A key premise of DL methods, when compared to more traditional decoding approaches, is that their decoding performance improves better with growing datasets. To test this, we repeatedly trained all three decoding approaches on a subset of the training dataset (including the data of 5, 10, 15, 20, 25, 30, 35, 40, 50, 60, and 70 subjects), and validated their performance at each iteration on the full held-out test data (Figure 2E). Overall, the decoding performance of DeepLight increased by 0.27% [t₍₁₀₎ = 10.9, p < 0.0001] per additional subject in the training dataset, whereas the performance of the whole-brain lasso increased by 0.03% [t₍₁₀₎ = 3.02, p = 0.015] and the performance of the searchlight analysis only marginally increased by 0.04% [t₍₁₀₎ = 2.08, p = 0.067]. Nevertheless, the searchlight analysis outperformed DeepLight in decoding the cognitive states from the data when only little training data were available (here, 10 or less subjects [t₍₂₉₎ = −4.39, p < 0.0001]. The decoding advantage of DeepLight, on the other hand, came to light when the data of 50 or more subjects were available in the training dataset [t₍₂₉₎ = 3.82, p = 0.0006]. DeepLight consistently outperformed the whole-brain lasso, when it was trained on the data of at least 10 subjects [t₍₂₉₎ = 5.32, p = 0.0045].

Subject-Level

For the subject-level comparison, we first trained both, the searchlight analysis and whole-brain lasso on the fMRI data of the first experiment run of a subject from the held-out test dataset (for an overview of the training procedures, see section Parameter Estimation of the Baseline Methods in Supplementary Information). We then used the data of the second experiment run of the same subject to evaluate their decoding performance (by predicting the cognitive states underlying each fMRI sample of the second experiment run). Importantly, we also decoded the same fMRI samples with DeepLight. Note that DeepLight, in comparison to the other approaches, did not see any data of the subject during the training, as it was solely trained on the data of the 70 subjects in the training dataset (see section DeepLight Training).

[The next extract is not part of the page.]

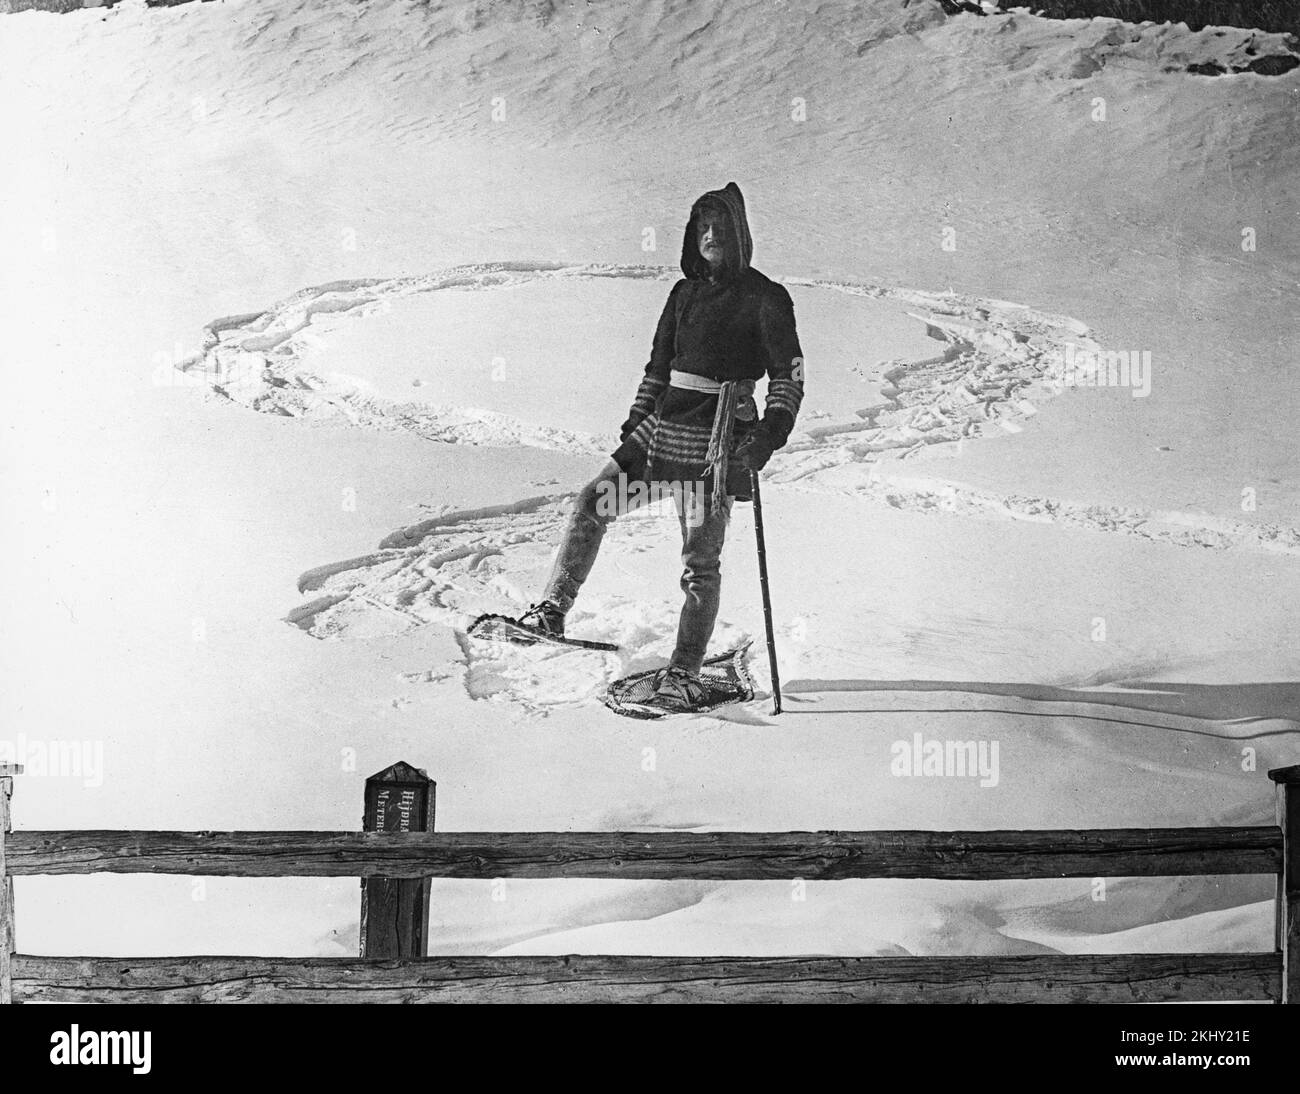 Una fotografia in bianco e nero dei primi anni del 20th che mostra un uomo che indossa scarpe da neve e abiti caldi che posa su una zona innevata nelle Alpi francesi. Foto Stock

DeepLight clearly outperformed the other decoding approaches, by decoding the cognitive states more accurately for 28 out of 30 subjects, when compared to the searchlight analysis (while the searchlight analysis achieved an average decoding accuracy of 47.2% across subjects, DeepLight improved upon this performance by 22.4%, with an average decoding accuracy of 69.3%, t₍₂₉₎ = 11.28, p < 0.0001; Figure 3A), and for 29 out of 30 subjects, when compared to the whole-brain lasso (while the whole-brain lasso achieved an average decoding accuracy of 37% across subjects, DeepLight improved upon this performance by 32%; t₍₂₉₎ = 15.74, p < 0.0001; Figure 3B).

FIGURE 3

Figure 3. Subject-level decoding performance comparison of DeepLight (red) to the searchlight analysis (A; green) and whole-brain lasso (B; blue). Black scatter points indicate the average decoding accuracy for a subject. Colored lines indicate the average decoding accuracy across all 30 test subjects.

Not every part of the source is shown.